ちなみにノクターンはロエテムにくっついていた。
「ね。悲鳴もないし。てかボスはどこにいるんだろう」
功太の気配もない。
たぶんボスの近くにいるのだろうけど。
「ん?」
視界の上に違和感。
「どうした?」
クレイが俺の様子に気が付いて声を掛けてきた。
「視界の上の方に、数字あるんだけど。見える?」
「数字?……ほんとだ」
それぞれ視界の上の数字に気が付いたらしい。
「……なぁ、その数字に集中したら嫌なものが見え始めたんだけど」
と、ドルチェット。
「嫌なものってなに?」
「その数字の下に文章で、呪い発動完了まで57分。
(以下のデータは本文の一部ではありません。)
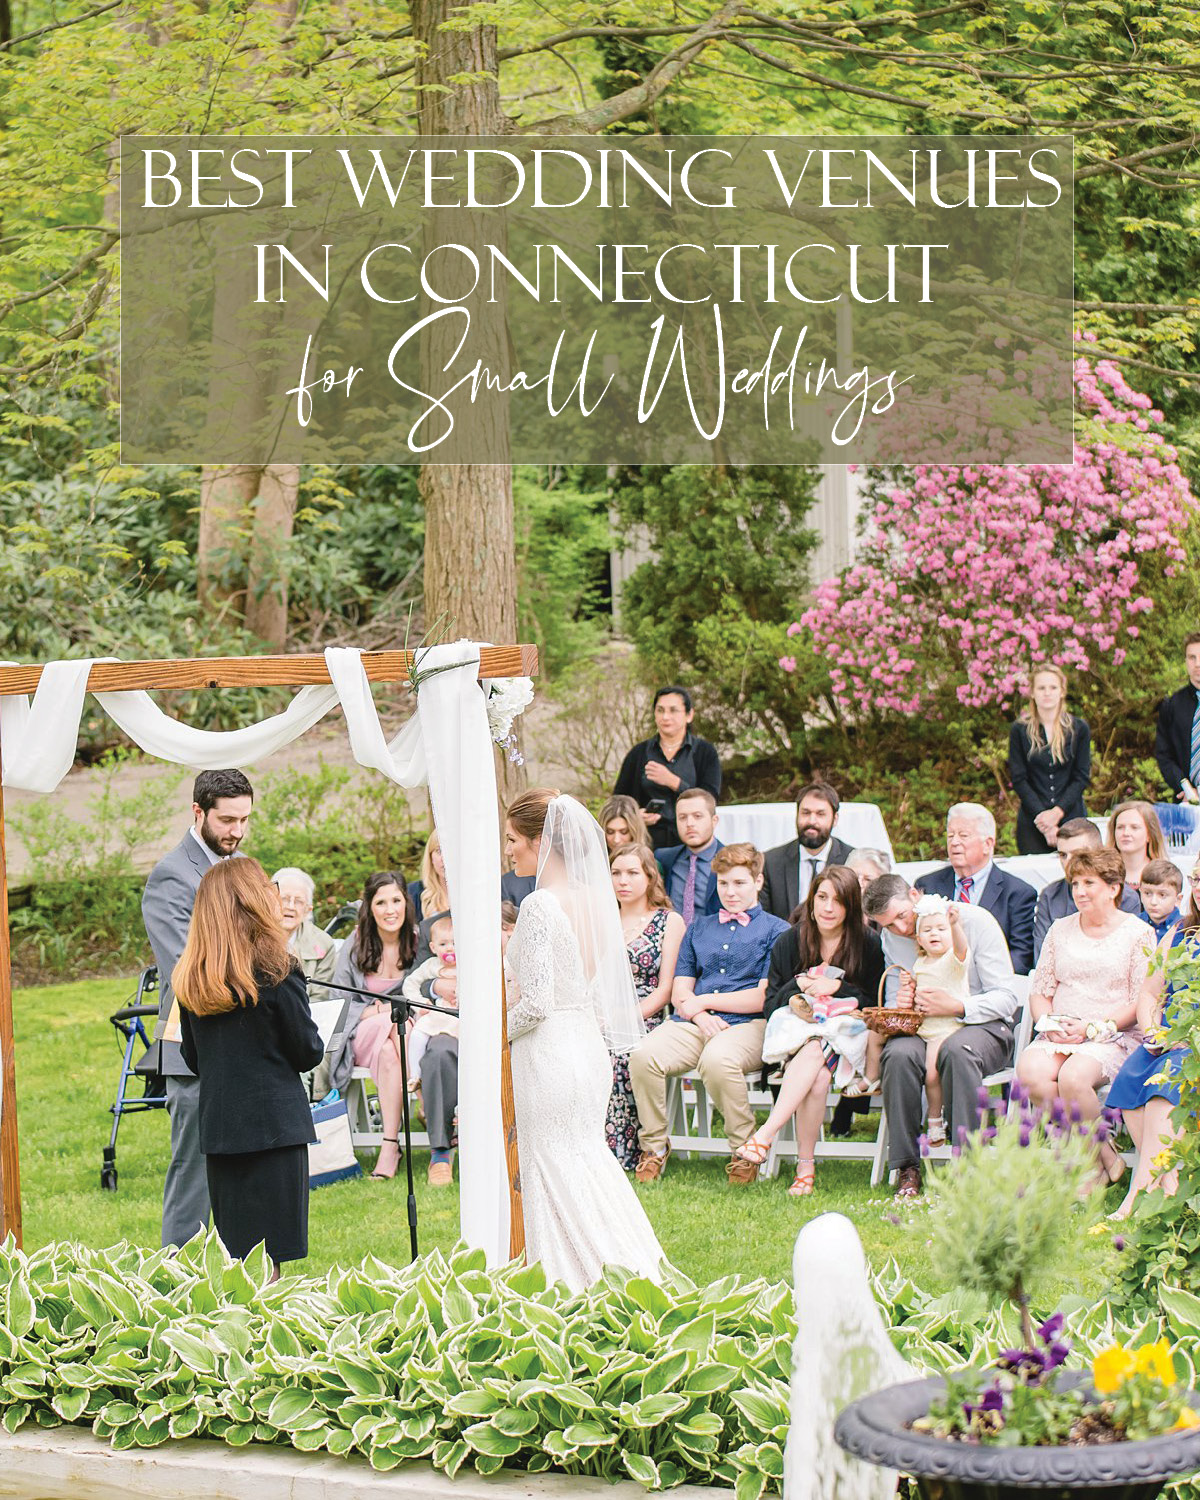 graphic for best wedding venues in Connecticut for small wedding

貴女の呪いは『利き腕の感覚喪失』ですってさ。なんだこの胸くそ悪いの」
「!?」
慌ててドルチェットにアドバイスされたように数字に集中した。
するとドルチェットと同じような文章が浮かび上がってきた。
「貴方の呪いは『視力喪失』ですぅぅう!!?」
困る!!その呪いは困るぞ!!
千里眼シリーズの心眼でも会得していたらそんなんでもなかったもしれないけど俺は持ってないんだ!!
「おのれい!!!」
同じく確認したらしいアスティベラードが激怒。
「これは、なんとも嫌なところを突いてくる…」
みんなに確認したところ、それぞれの呪いは次のようになった。
ディラ『視力喪失』
クレイ『防御力低下』
アスティベラード『声喪失』
ノクターン『記憶混乱』
ドルチェット『利き腕の感覚喪失』
ジルハ『完全獣化』
「ボクだけなんか変じゃない??」
ジルハが呪いの事で解せないみたいな顔をしていた。
「というか、獣化って、ボクに何のデメリットが?」
この人獣になること事態にデメリットを感じないのか。
すごいな。
それにドルチェットが答えた。
「人の言葉が喋れなくなるんじゃね?」
「え、それはやだ」
ジルハの嫌がるポイントがいまちいわからん。
「あの…。確認なんですけど…」
呪いが痴呆のノクターンがロエテムにしがみつきながら挙手をした。
「これ…、この数字…一分毎に減ってません…?」
「……ほんとうだ」
73が70になってた。
「やばいなこれ。急がないと」
戦闘の役立たずになる前に見付けて倒して戻ろう。
ドルチェットが手すりから下を覗き込んだ。
出現した所は吹き抜けの廊下だったけど、下は真っ暗闇で、二階下までしか見えず、上の方はなんでかボヤけて認識できない。
行けるところはぐるりと吹き抜けを取り囲んだここと、そこから内部に続いていると思わしき所が四つ。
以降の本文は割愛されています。